Sumber Foto: google.co.id
17 January 2018 19:00Menurut saya politisi itu kata kuncinya adalah survival. Menjadi presiden tentu tugas utamanya harus survive, kalau sampai di-impeach, tentu tidak ada gunanya meskipun dia jadi malaikat yang "satunya kata dan perbuatan".
Indonesia ini paling lucu dan "dungu" sedunia. Sudah jelas orang bikin partai itu ya untuk berkuasa, termasuk jadi ketua umum partai. Kalau di sistem kabinet parlementer, maka otomatis ketua partai pemenang pemilu yang menguasai legislatif jadi perdana menteri, kemudian mengangkat menteri dari sesama partai dan koalisisi.

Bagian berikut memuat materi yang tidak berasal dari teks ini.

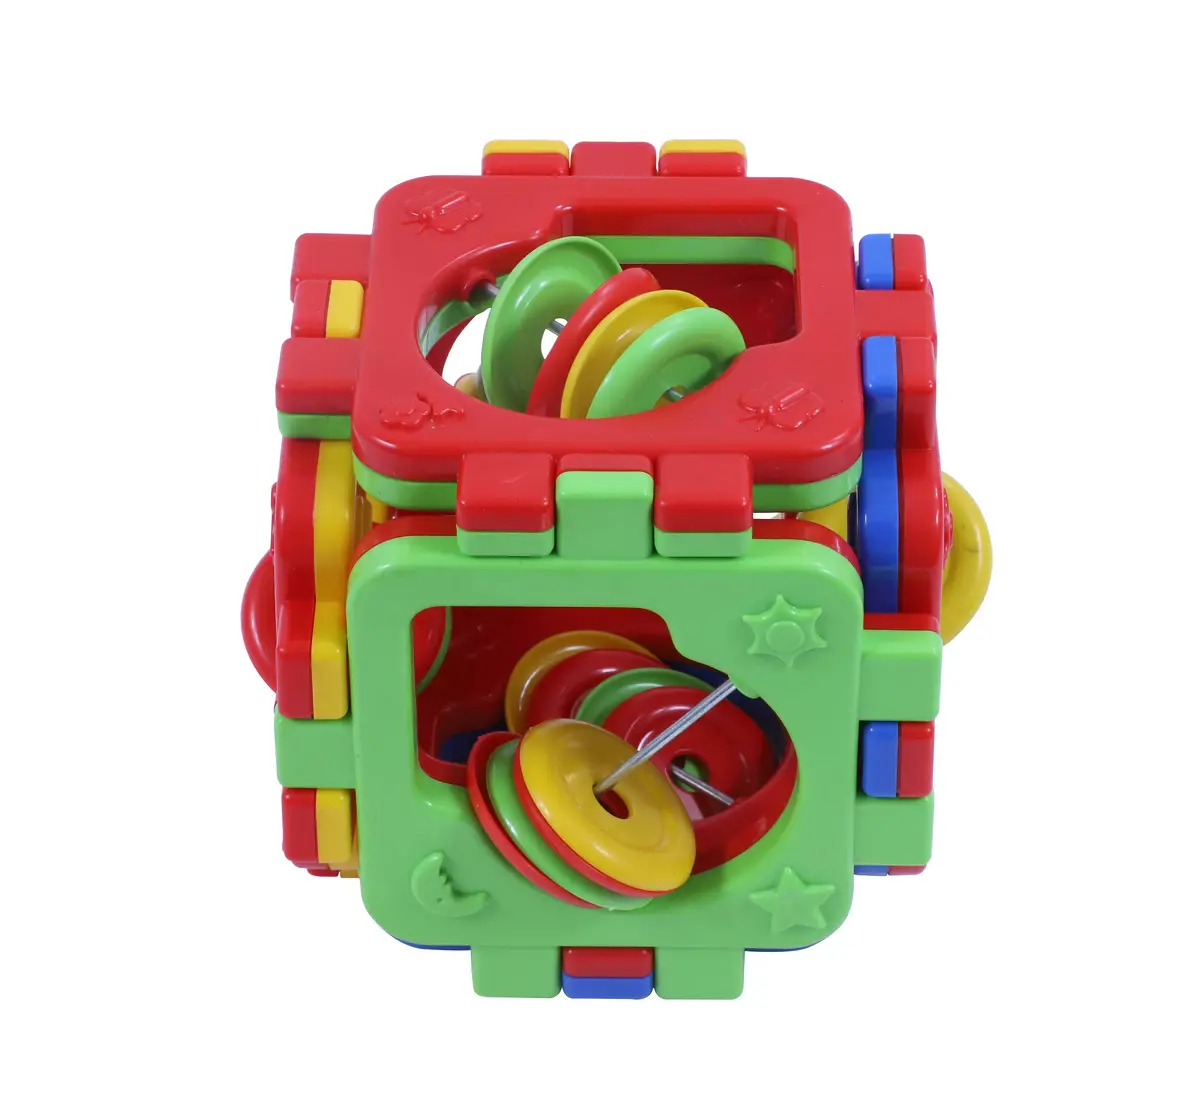 Toyzone Rattle Cubie 81388 Multicolour, 3Y+

Kita ini mengaku presidensial tapi sebetulnya parlementer 100 persen. Karena presiden siapapun dia mulai dari Habibie, Gus Dur, Mega, SBY, dan sekarang Jokowi, harus memperhatikan keseimbangan kursi parlemen kalau tidak mau dijungkirkan oleh oposisi. Tapi kita ini unfail kuadrat; sebentar bilang berkepribadian unik lokal, nasional, tidak mau meniru "Barat", jadi tidak mau pakai istilah dan pengertian oposisi. Ya, sudah semua kumpul kebo jadi satu kabinet dan DPR. Sambil berdwifungsi atau berdwimuka, sebentar jadi incumbent, sebentar jadi oposisi.
Nah, kalau dalam situasi seperti itu Jokowi melakukan langkah maverick unik yang tak terduga dan seolah inkonsisten, itu merupakan bagian dari kiat untuk survive dan memang hak prerogarif dia. Buat apa dikritik dan dipermasalahkan secara "letterlijk". Jokowi menghadapi masalah survival dan mendongkrak citra untuk keterpilihan yang tinggal 15 bulan lagi. Jadi kalau Presiden membongkar pasang kabinet pasti untuk kepentingan survival dan masa depan yang lebih "aman" (save) untuk memenangkan periode ke-2 secara lebih pasti.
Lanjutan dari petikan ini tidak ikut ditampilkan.